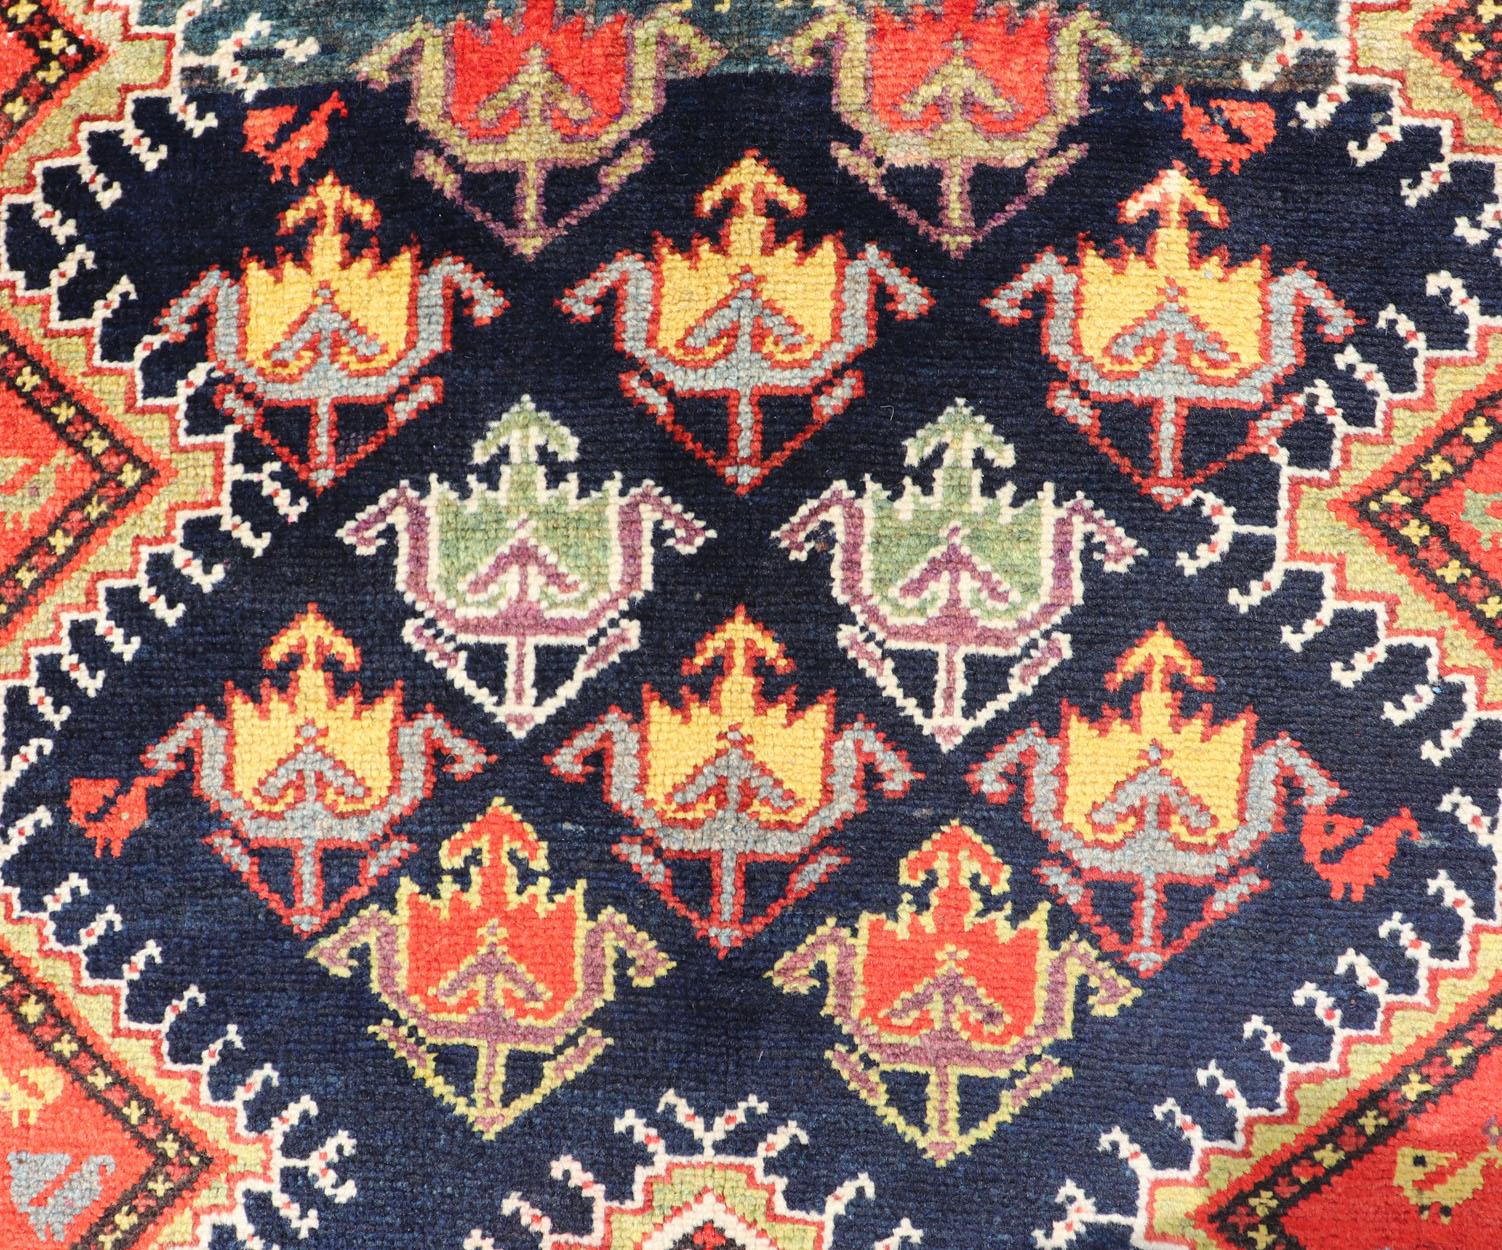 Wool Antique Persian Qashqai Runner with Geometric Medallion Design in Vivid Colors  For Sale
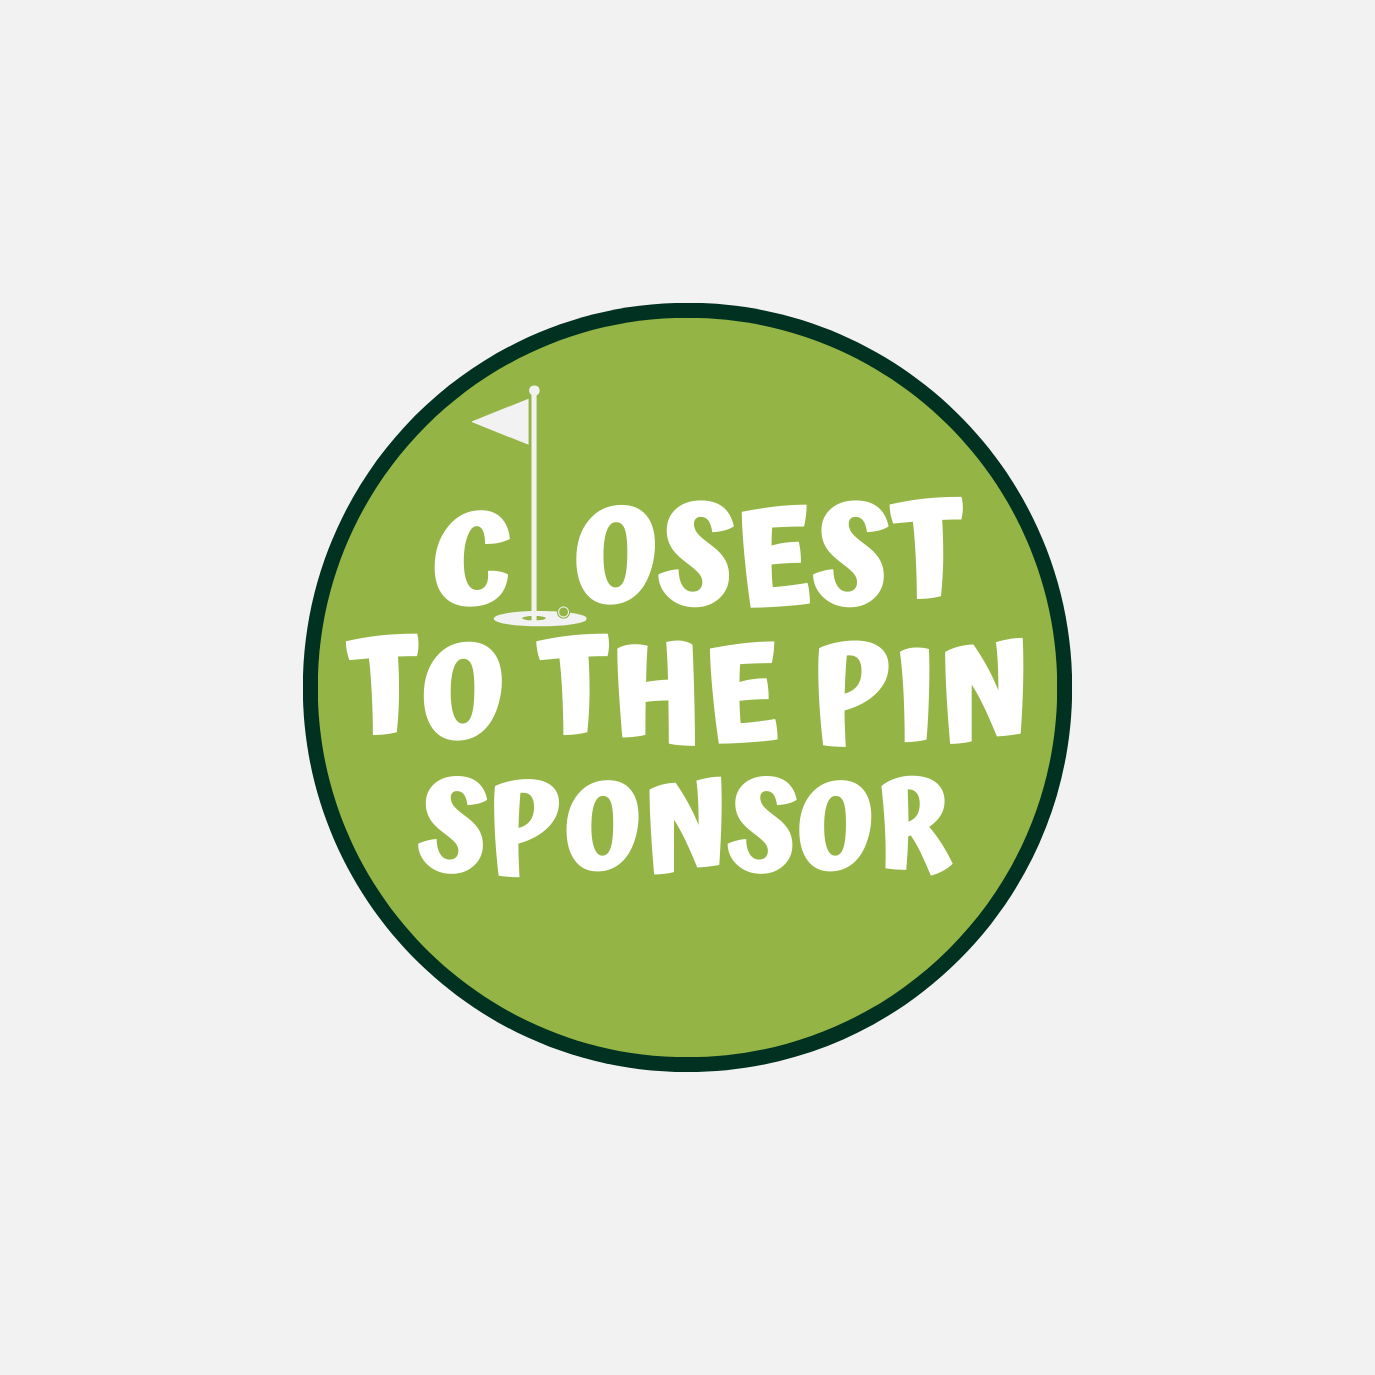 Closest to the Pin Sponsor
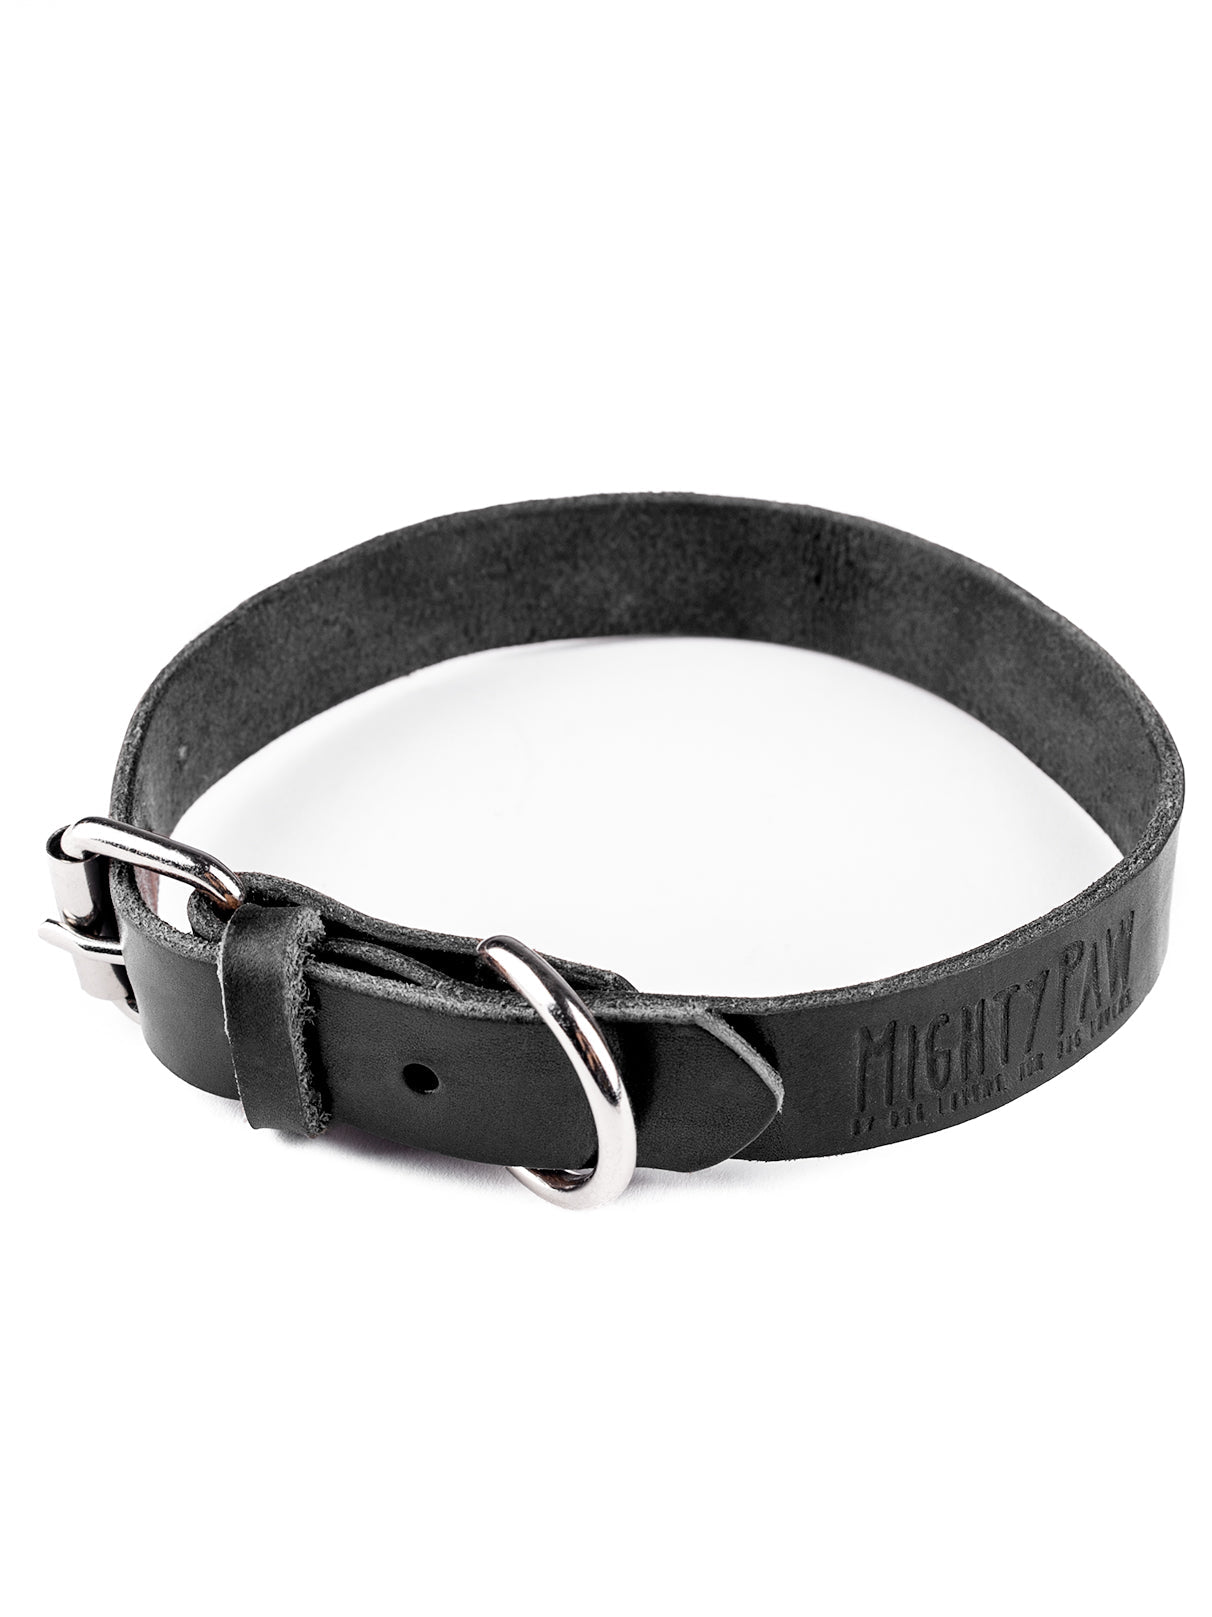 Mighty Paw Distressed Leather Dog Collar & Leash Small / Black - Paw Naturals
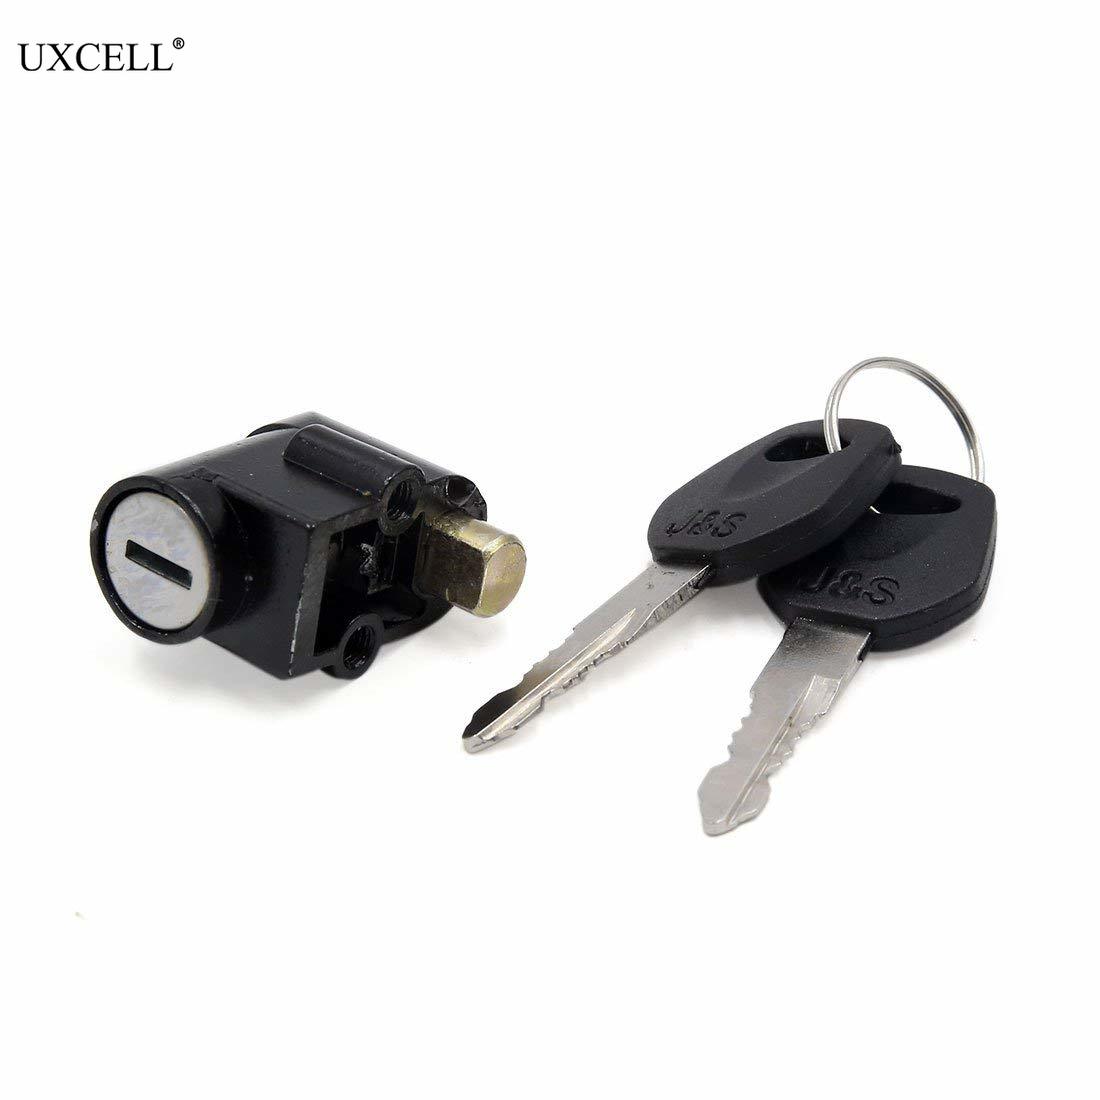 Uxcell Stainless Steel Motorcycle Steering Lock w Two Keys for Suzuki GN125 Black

-- -- --

▶ _WHAT THE TASK REQUIRES_: Transcribe the material above in full. No picture is to be copied.

▶ _YOUR RESPONSE_:
 Wool Antique Persian Qashqai Runner with Geometric Medallion Design in Vivid Colors  For Sale
 Closest to the Pin Sponsor
 Mighty Paw Distressed Leather Dog Collar & Leash Small / Black - Paw Naturals
 Uxcell Stainless Steel Motorcycle Steering Lock w Two Keys for Suzuki GN125 Black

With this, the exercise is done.